[WHAT YOU WILL DO]:
Exact reproduction is required for the lines below starting at the line with "1654795 WHOPPERS MALTED" and ending at the line with "3 Pack Barbless", both included. No other lines, and no pictures.

======== DATASET CONTENT

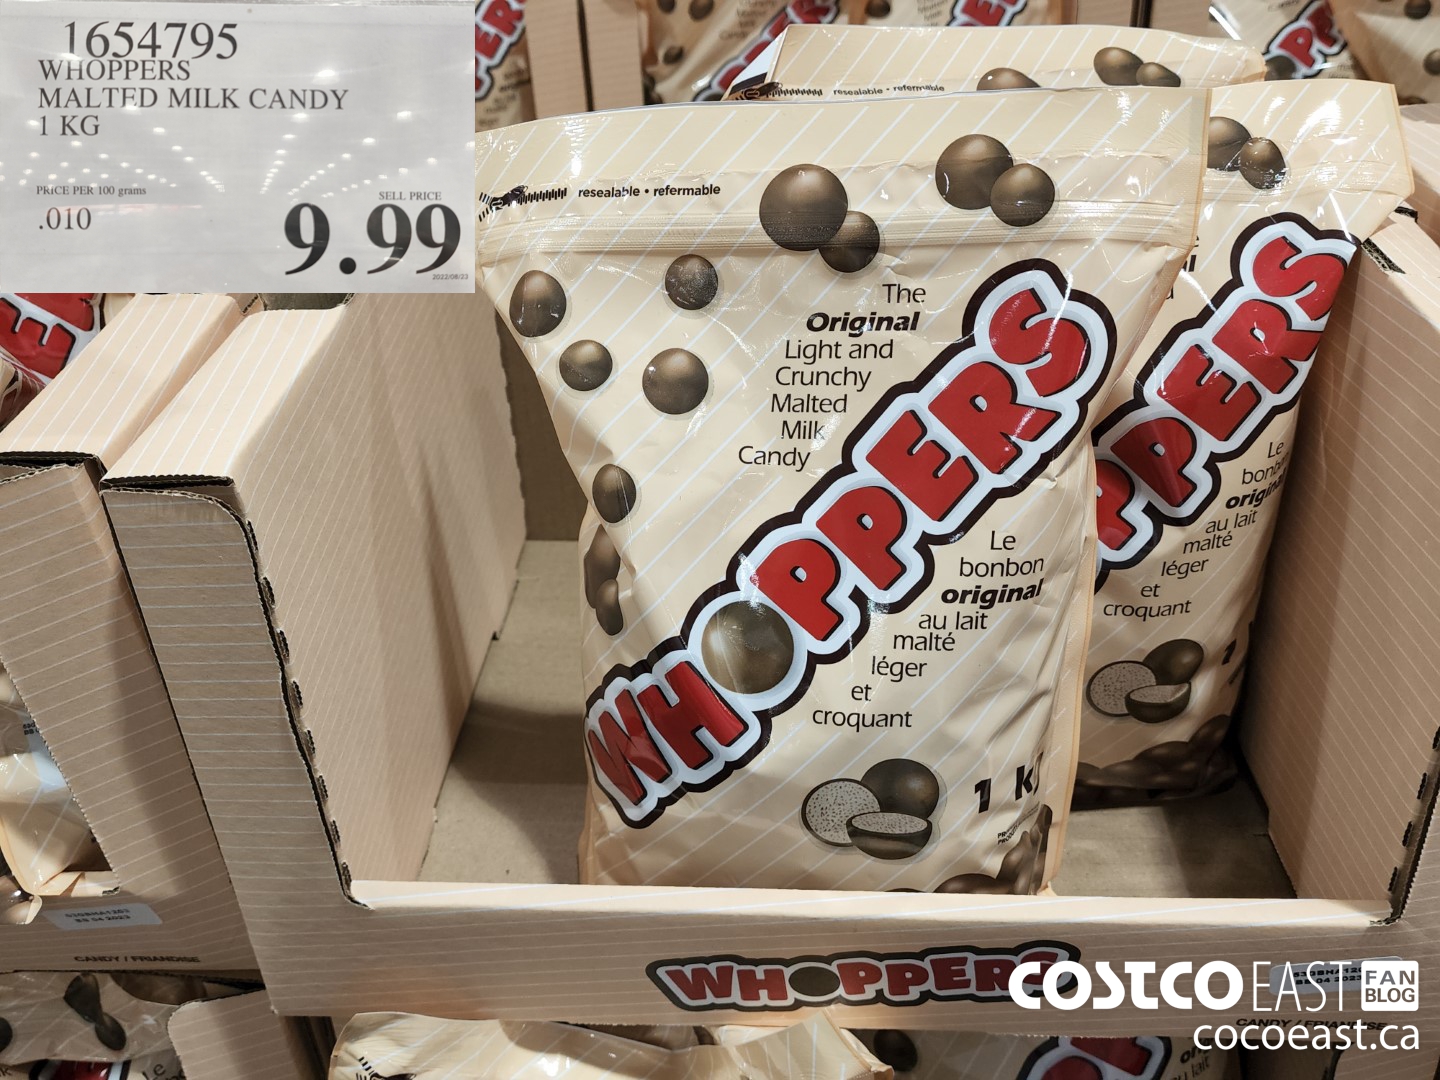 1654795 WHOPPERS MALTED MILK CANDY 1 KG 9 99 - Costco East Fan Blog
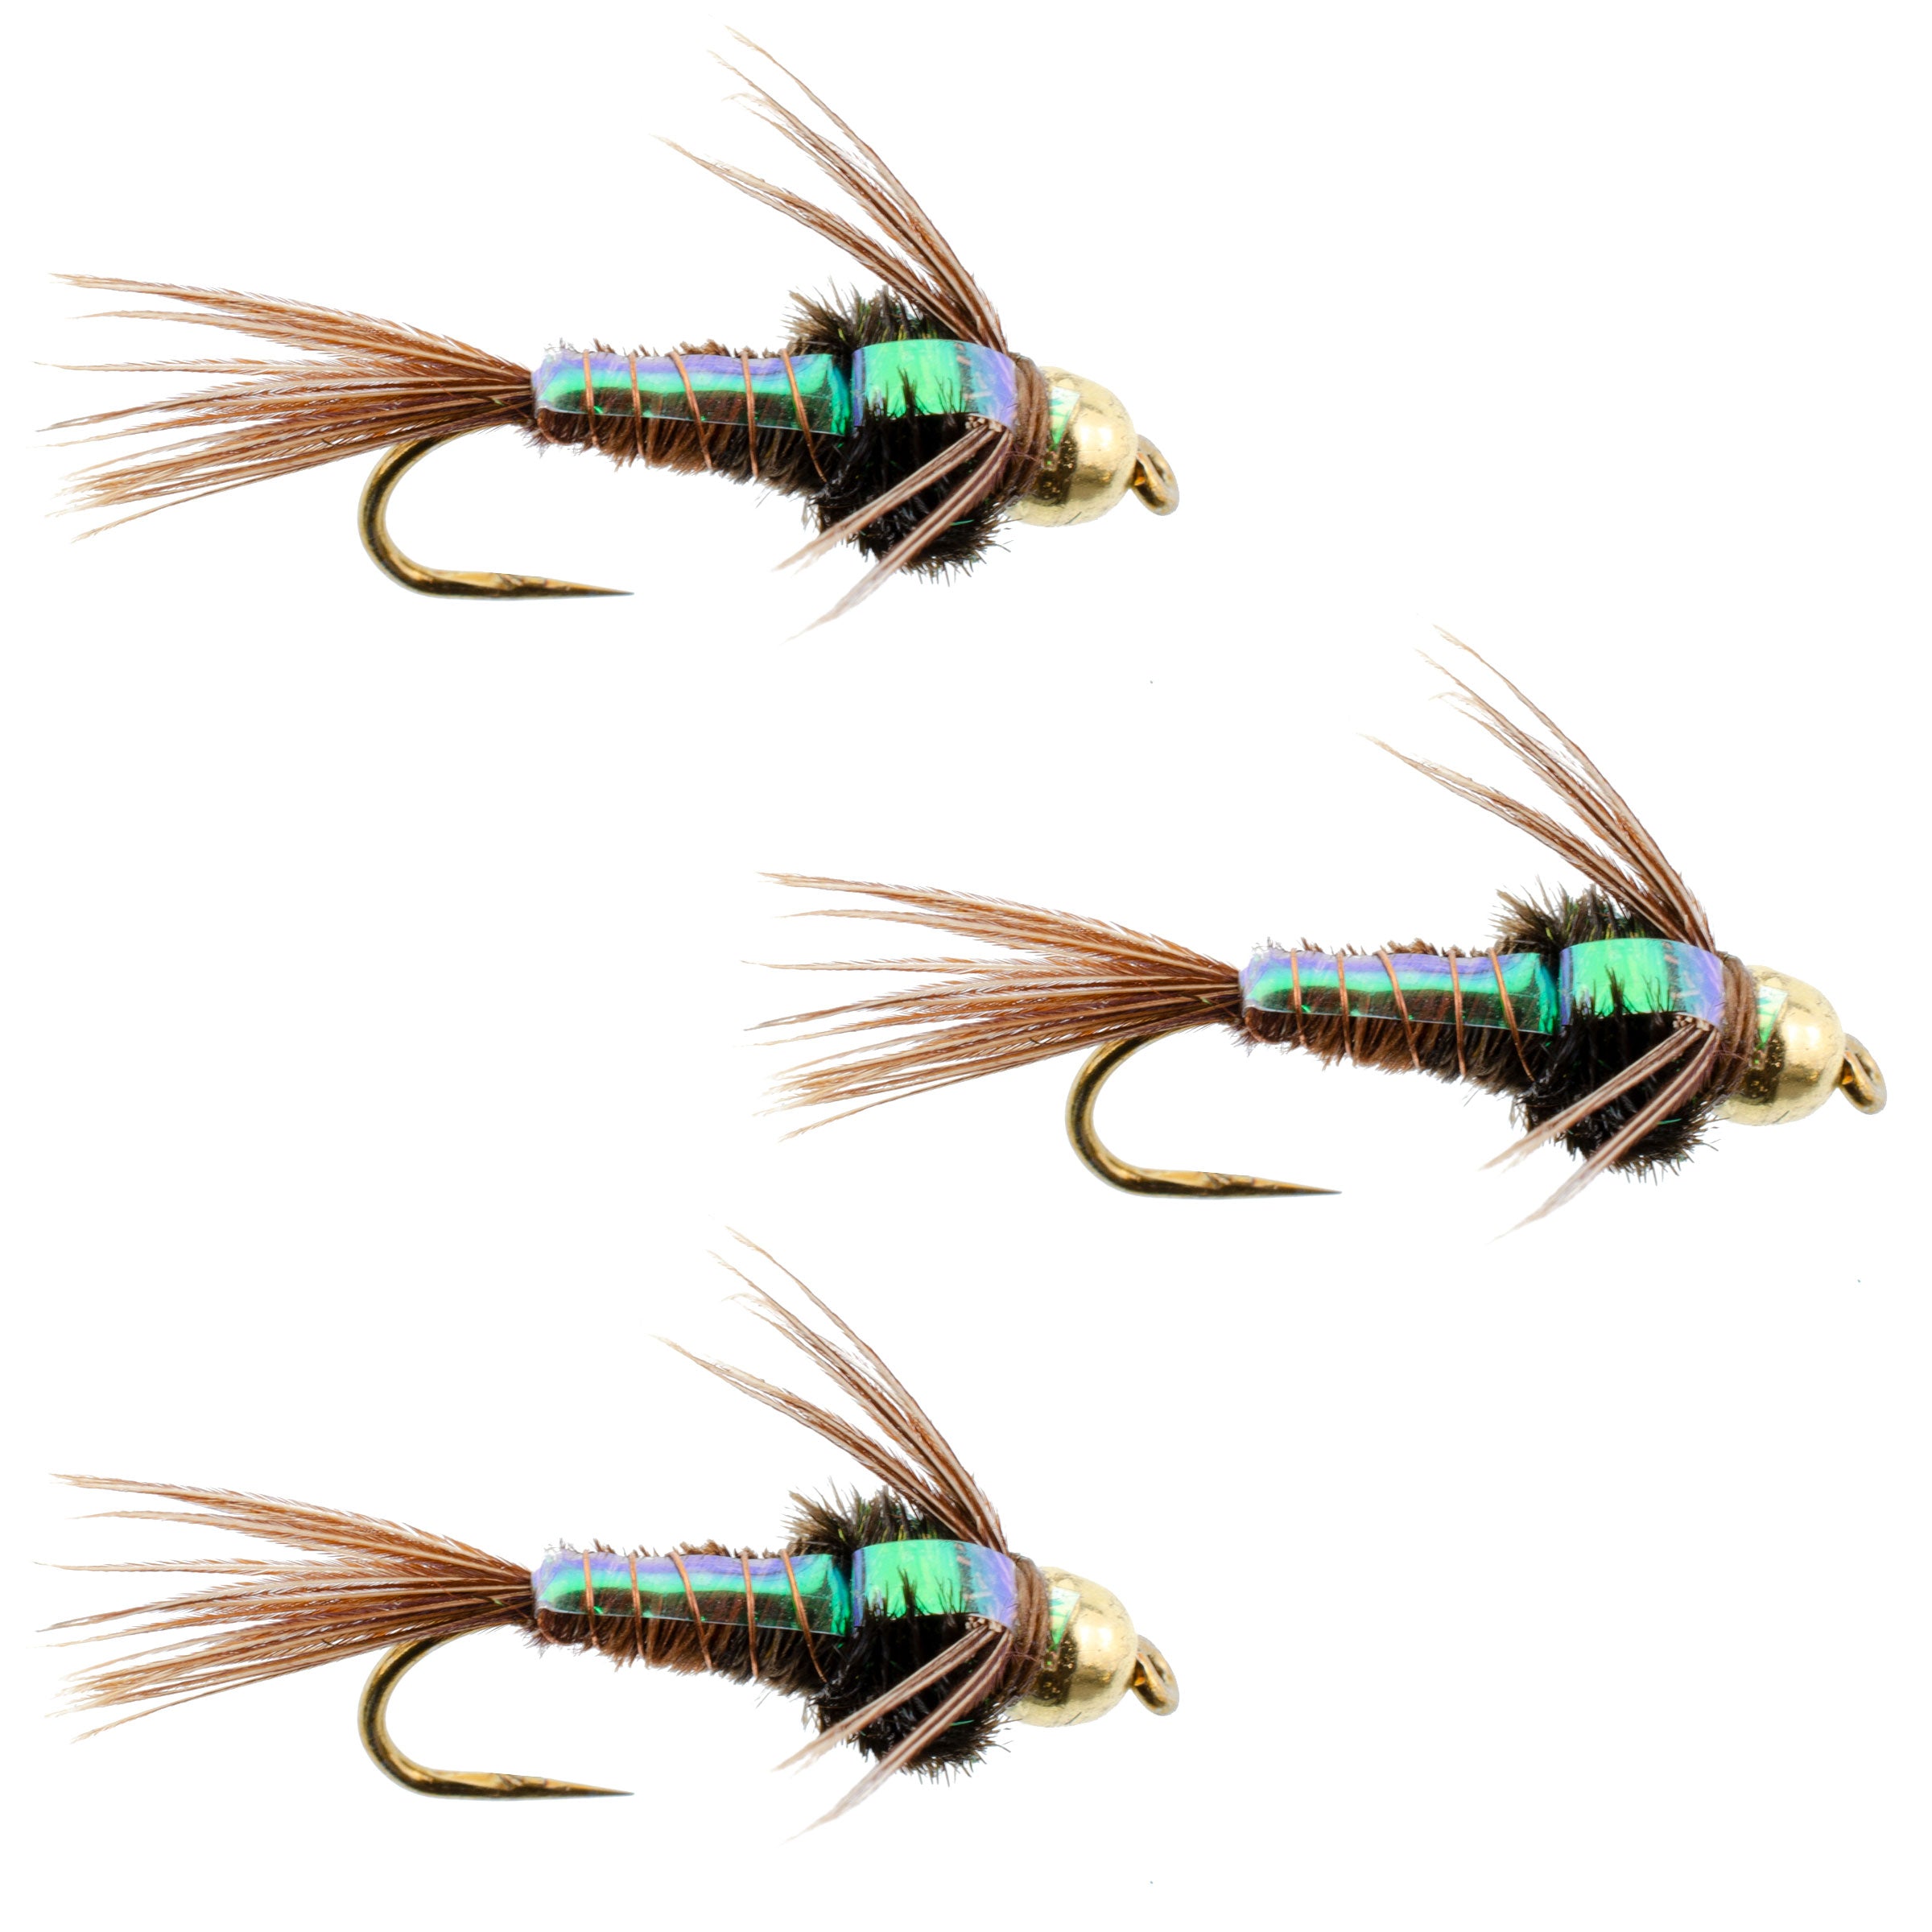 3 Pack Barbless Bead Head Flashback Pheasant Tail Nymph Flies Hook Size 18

================
======== DATASET CONTENT

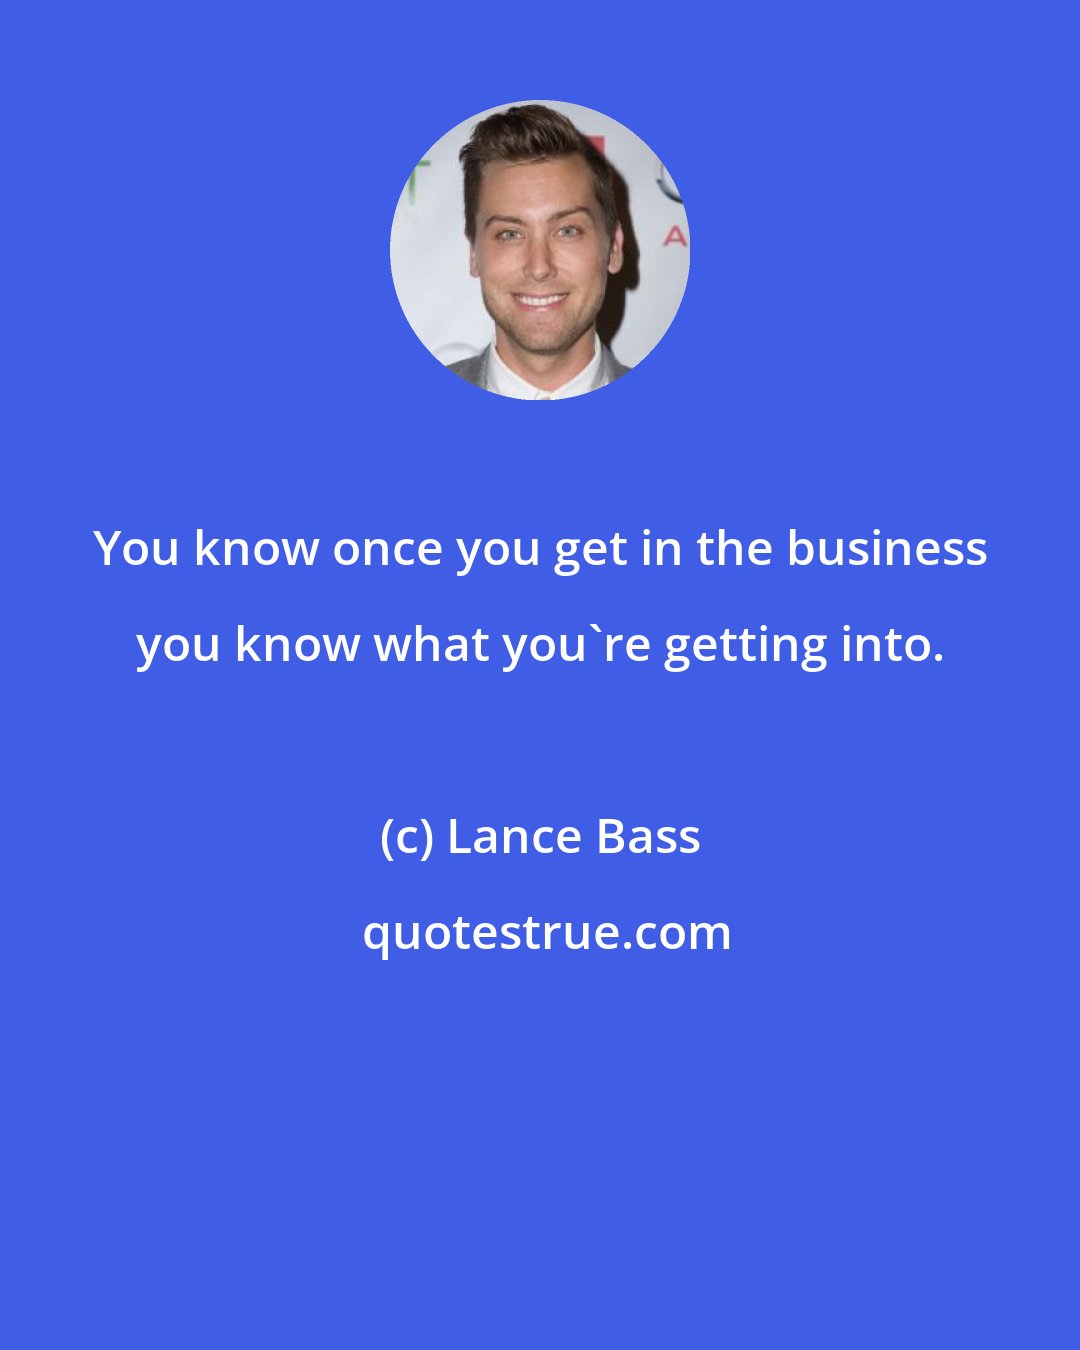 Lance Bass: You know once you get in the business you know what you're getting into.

================

[SOLUTION]:
 1654795 WHOPPERS MALTED MILK CANDY 1 KG 9 99 - Costco East Fan Blog
 3 Pack Barbless Bead Head Flashback Pheasant Tail Nymph Flies Hook Size 18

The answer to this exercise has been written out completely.